The dilemma is named after German constitutional judge Ernst-Wolfgang Böckenförde.

Content[edit]

Böckenförde wrote that:

The liberal (German "freiheitlich"),[1] secularized state lives by prerequisites which it cannot guarantee itself. This is the great adventure it has undertaken for freedom's sake. As a liberal state it can only endure if the freedom it bestows on its citizens takes some regulation from the interior, both from a moral substance of the individuals and a certain homogeneity of society at large. On the other hand, it cannot by itself procure these interior forces of regulation, that is not with its own means such as legal compulsion and authoritative decree. Doing so, it would surrender its liberal character (freiheitlichkeit) and fall back, in a secular manner, into the claim of totality it once led the way out of, back then in the confessional civil wars.

— Ernst-Wolfgang Böckenförde, Staat, Gesellschaft, Freiheit. 1976, S. 60.

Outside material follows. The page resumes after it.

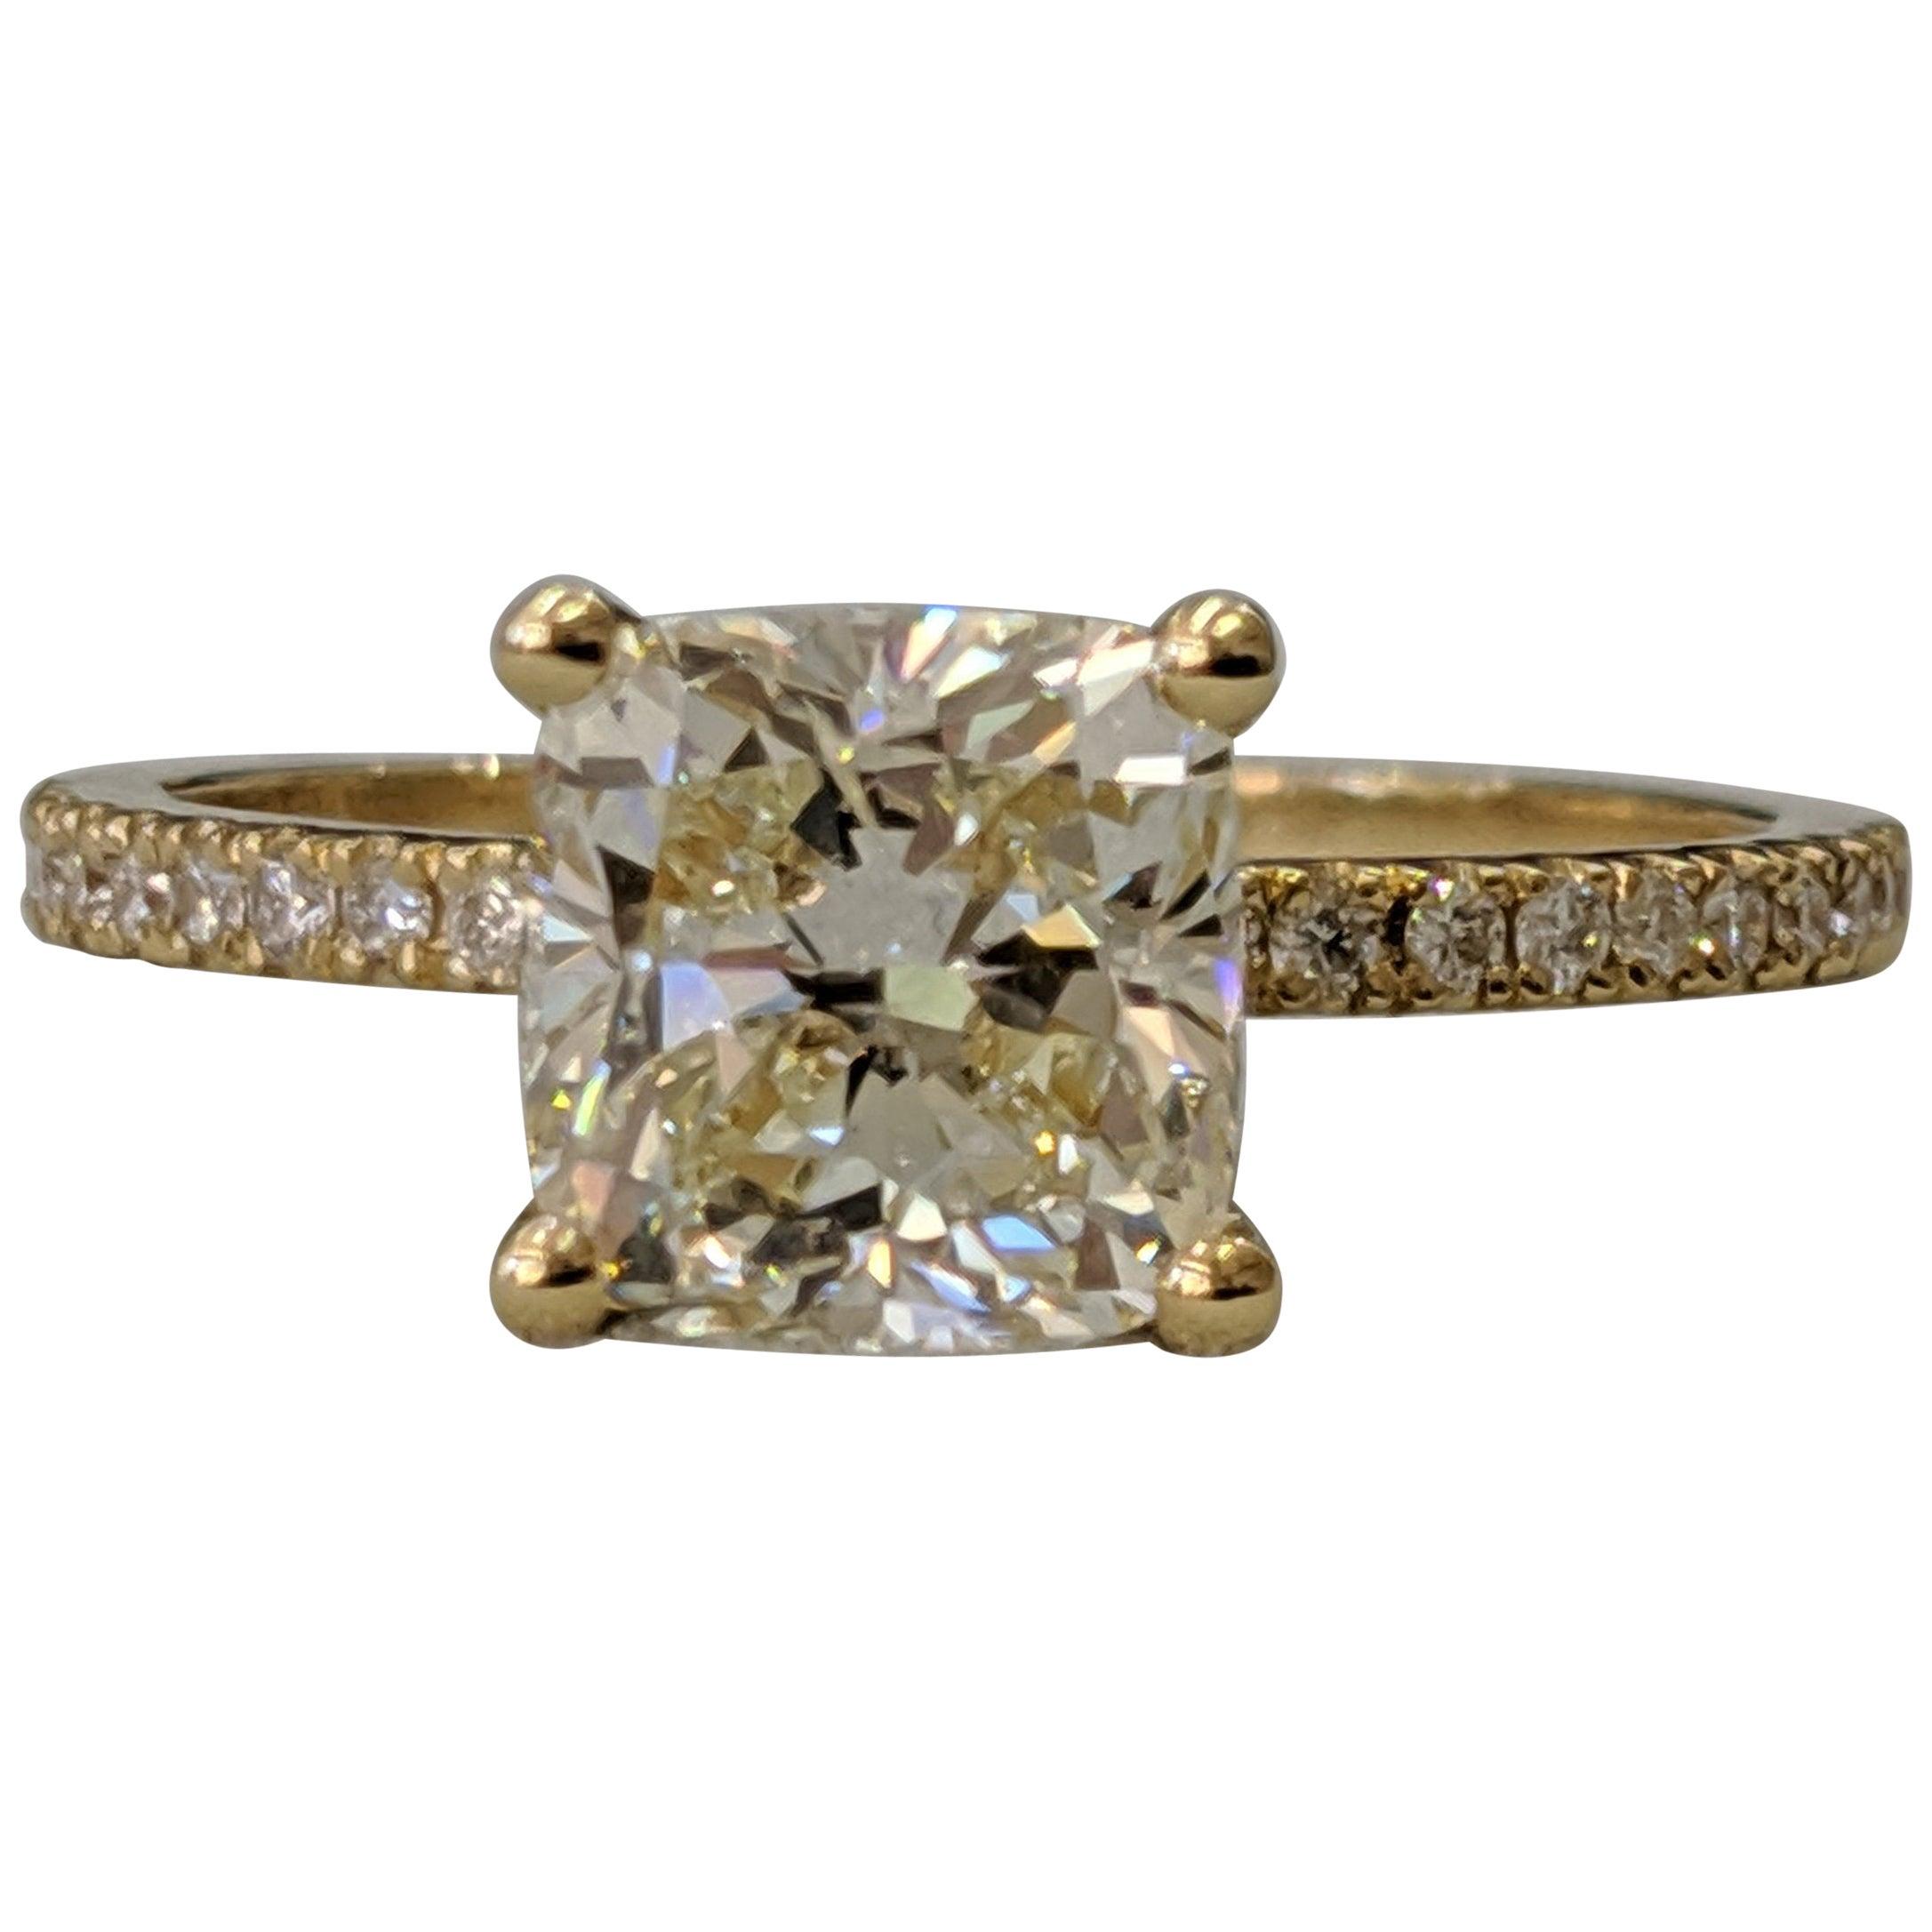 1.75 Carat 14 Karat Yellow Gold Cushion Diamond Engagement Ring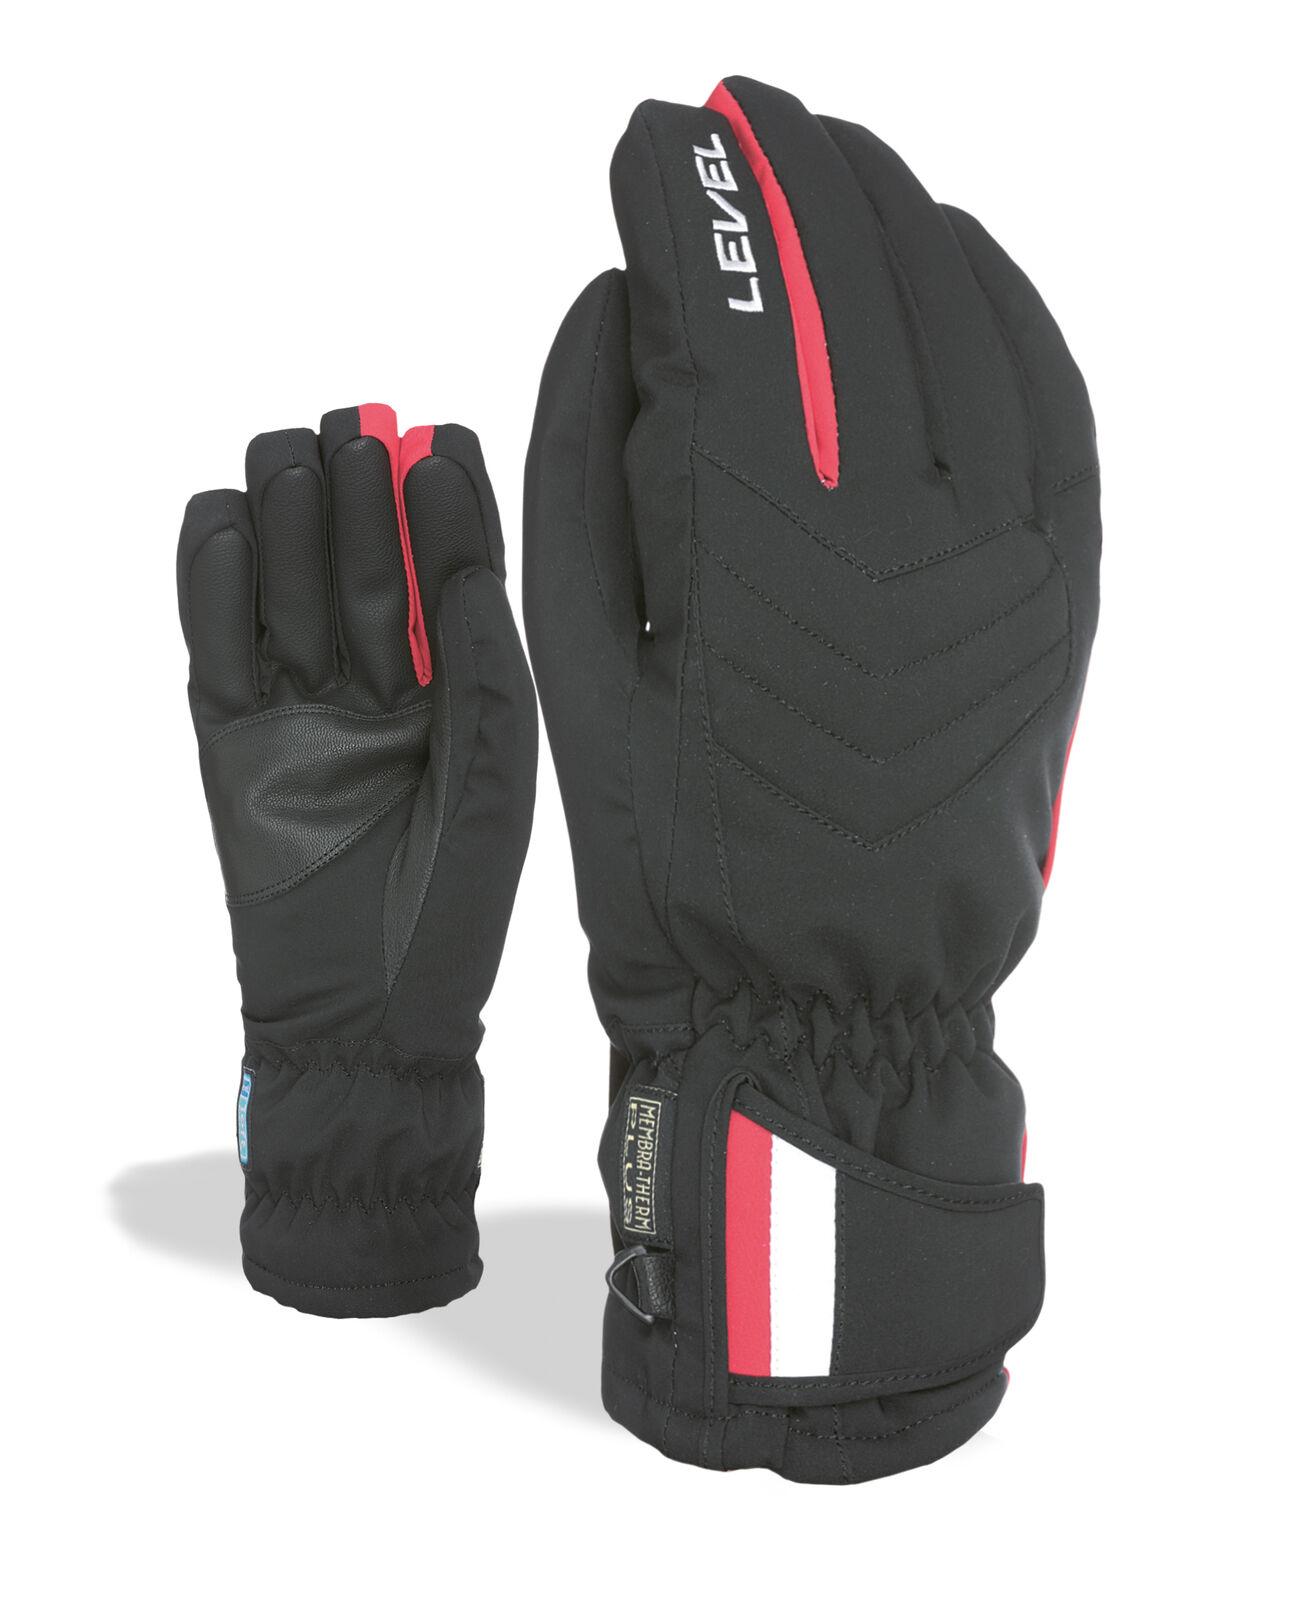 Level  Handschuh  Snowland black wasserdicht atmungsaktiv elastisch  enjoy saving 30-50% off

In a feudal state the king represents the ultimate power based on the divine right doctrine, the legitimacy of king's rule is transcendentally justified. In a republic there is no generally valid notion of sovereign, although in theory the people have sovereignty (popular sovereignty). But according to constitution the people hand over to some extent their sovereignty or government authority to state leaders and parliaments. In election coverage formulations like "the sovereign has decided" are used. The Böckenförde Dilemma alludes to the fact that in a democracy the legitimacy of the government is justified "from below" in contrast to absolutism. While the absolutist state demands loyalty from its citizens and through this loyalty can exercise its rule, the democratic state relies on democratic convictions of its citizens and can not enforce those convictions itself.

This leads to difficulties in answering the question of how a democratically constituted society can secure its survival and defend itself against threats. Böckenförde draws attention to the paradox that the state in the attempt to defend democracy with "the means of legal coercion and decrees from authority" would itself become a dictatorship because it would infringe upon the idea of people as sovereign.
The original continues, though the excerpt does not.